Although he had been defeated, Jones had bought Old Hickory precious time to prepare for the British thrust, now that Lake Bourgne was clearly the route of choice. The American commander rushed a very Jacksonian message to General Coffee, whom he had stationed at Baton Rouge: “You must not sleep until you reach me.” Other messengers headed up the Mississippi to urge militia from Tennessee and Kentucky, supposedly en route, to hurry forward without a moment’s delay. Even more vital was the anticipated arrival of a shipment of guns and ammunition the federal government had dispatched from Pittsburgh months earlier. Next, Jackson tried to deal with the panic that swept New Orleans at the news of the gunboats’ annihilation on Lake Bourgne. He issued a proclamation declaring martial law and appeared before the Louisiana State Legislature, which was rife with defeatism. The Tennessean urged it to adjourn for two or three weeks, leaving him in charge. The legislators refused and threw in a condemnation of martial law as a violation of their rights. Totally alienated from Governor Claiborne, they had begun to dislike the pugnacious Jackson, too. The legislature wanted to retain the option of surrendering the city rather than have it destroyed in a climactic battle.

Livingston, still urging Jackson to meet with Lafitte, persuaded the legislature to pass a resolution offering the Baratarians amnesty. That enabled Jackson to change his mind without eating his words about dealing with pirates. There is no record of his meeting with Lafitte, but Jean and his brother Pierre were soon part of the general’s staff, and their brother, Dominique You, was commanding a battery of cannons hoisted from the buccaneers’ ships. Even more valuable was their contribution of 7,500 badly needed flints and 500 muskets.

On December 20, the advance guard of General Coffee’s 2,000-man brigade reached New Orleans. The rest arrived there two days later. A few hours behind them came 3,000 Tennessee militiamen commanded by Jackson’s good friend Maj. Gen. William Carroll. During their five-week trip down the river, Carroll had drilled his men constantly. The militiamen had also scooped up 1,100 muskets, part of the slow-moving federal shipment from Pittsburgh. That same day, December 22, Major Thomas Hinds arrived with a regiment of blue-coated Mississippi Territory dragoons. All Jackson needed now was the 2,300 Kentucky militia force, which was somewhere on the river. On December 23, he scribbled a letter to his wife, Rachel, ending with a reassuring, “All’s well.”

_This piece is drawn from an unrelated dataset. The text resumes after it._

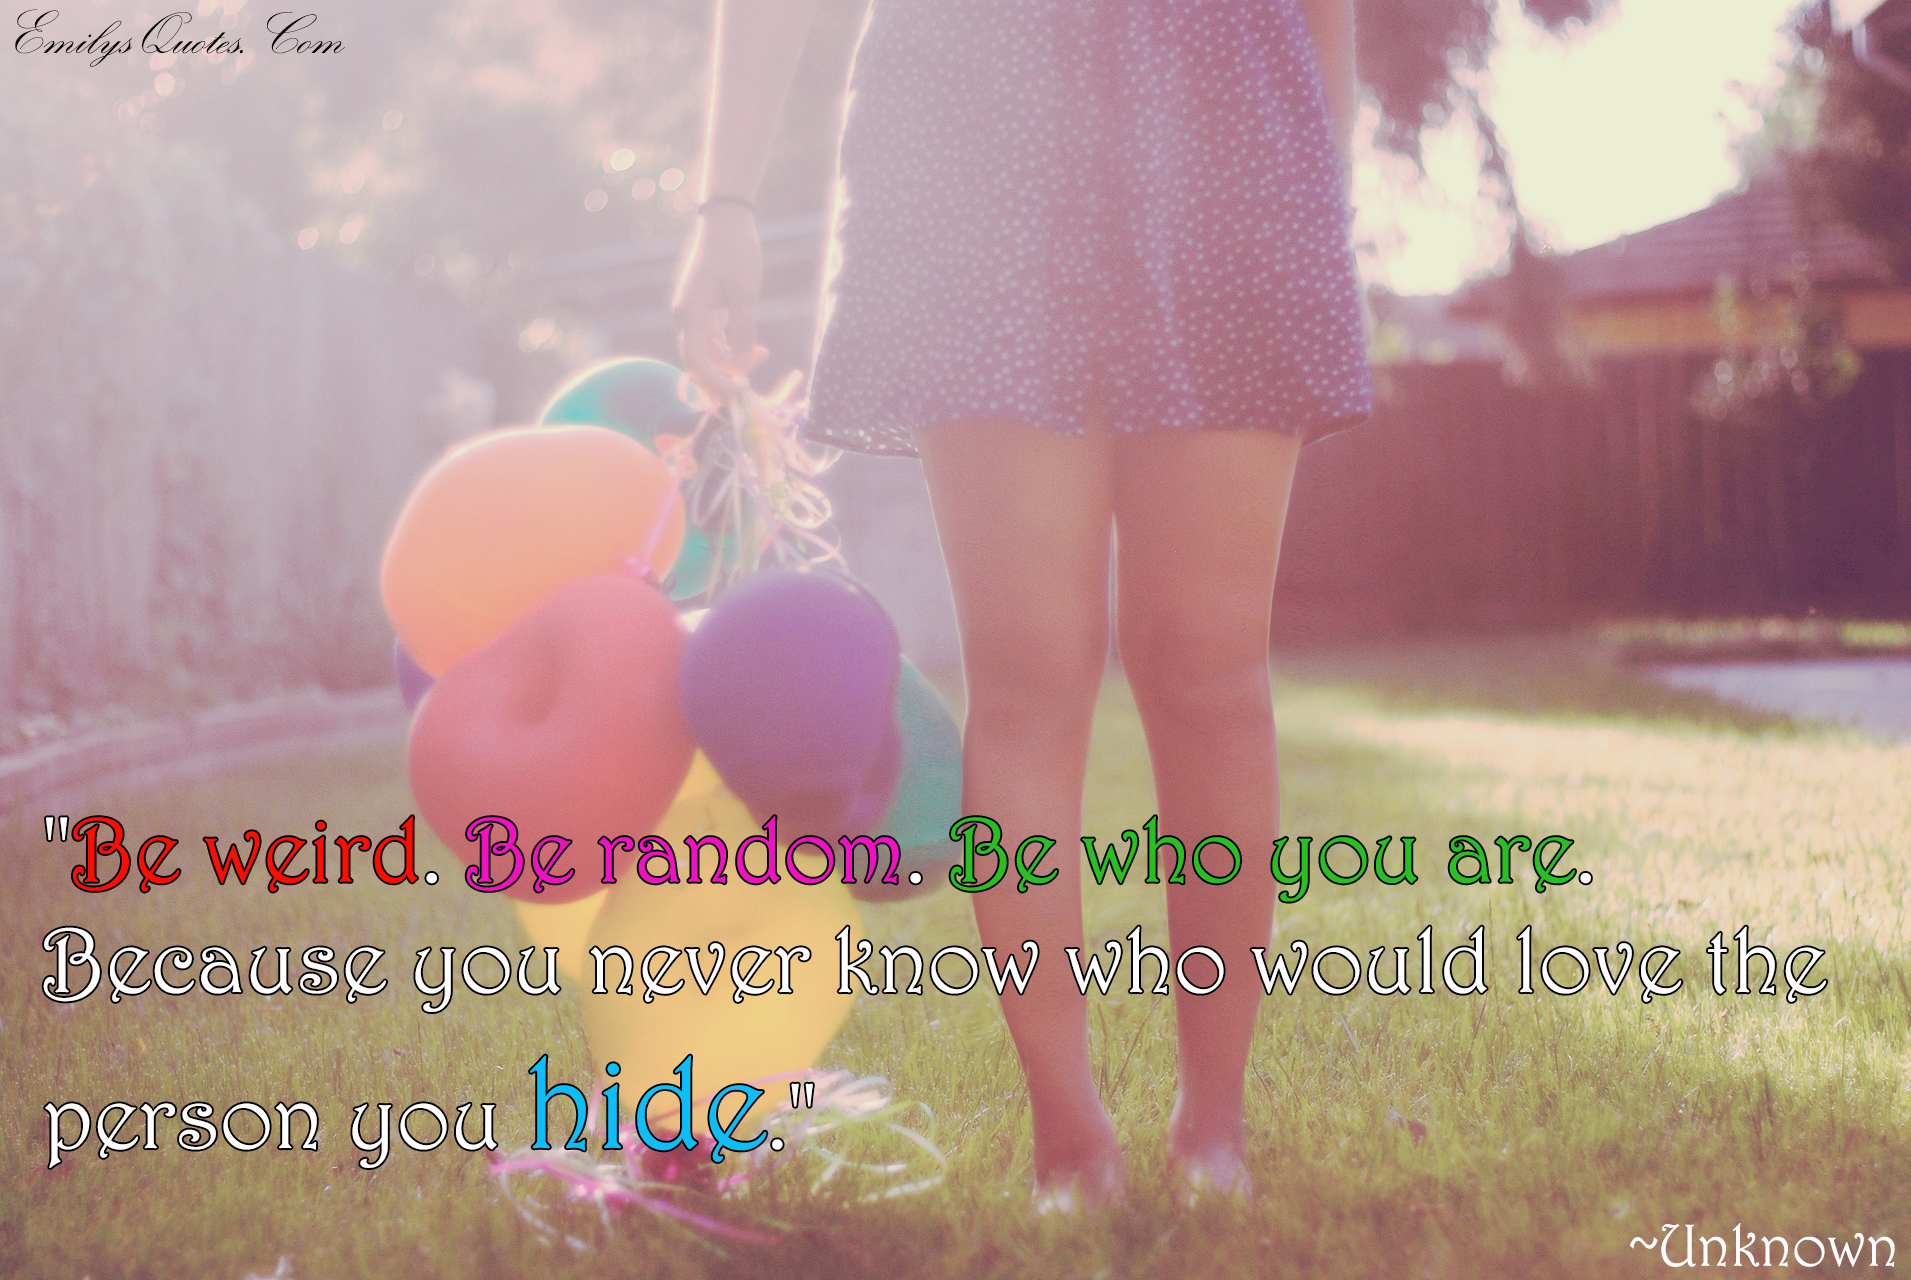 Be weird. Be random. Be who you are. Because you never know who would love the person you hide.

The general had barely sealed the letter when three mud-stained men burst into his headquarters on Royal Street to tell him that the British army had materialized only eight miles below the city without a shot being fired at them. There was nothing between them and New Orleans—not a fort, not a gun, not a soldier.

From the flabbergasted Jackson’s point of view, the British had done the impossible. Two officers, disguised as locals, had found the one bayou leading from Lake Bourgne to the Mississippi River that the Creoles, ignoring Jackson’s repeated orders, had failed to block. Suitably named Bienvenue, it had welcomed (with an assist from the smaller Bayou Mazant and a connecting canal) the midnight passage of General Keane, 2,080 men, and two guns to firm ground on the Villeré plantation along the Mississippi. At dawn on December 23, they had surrounded and taken prisoner the militia detachment supposedly guarding the bayou. The commander of the detachment, Major Gabriel Villeré, had made a daring escape and was among the messengers who brought the grim news to headquarters.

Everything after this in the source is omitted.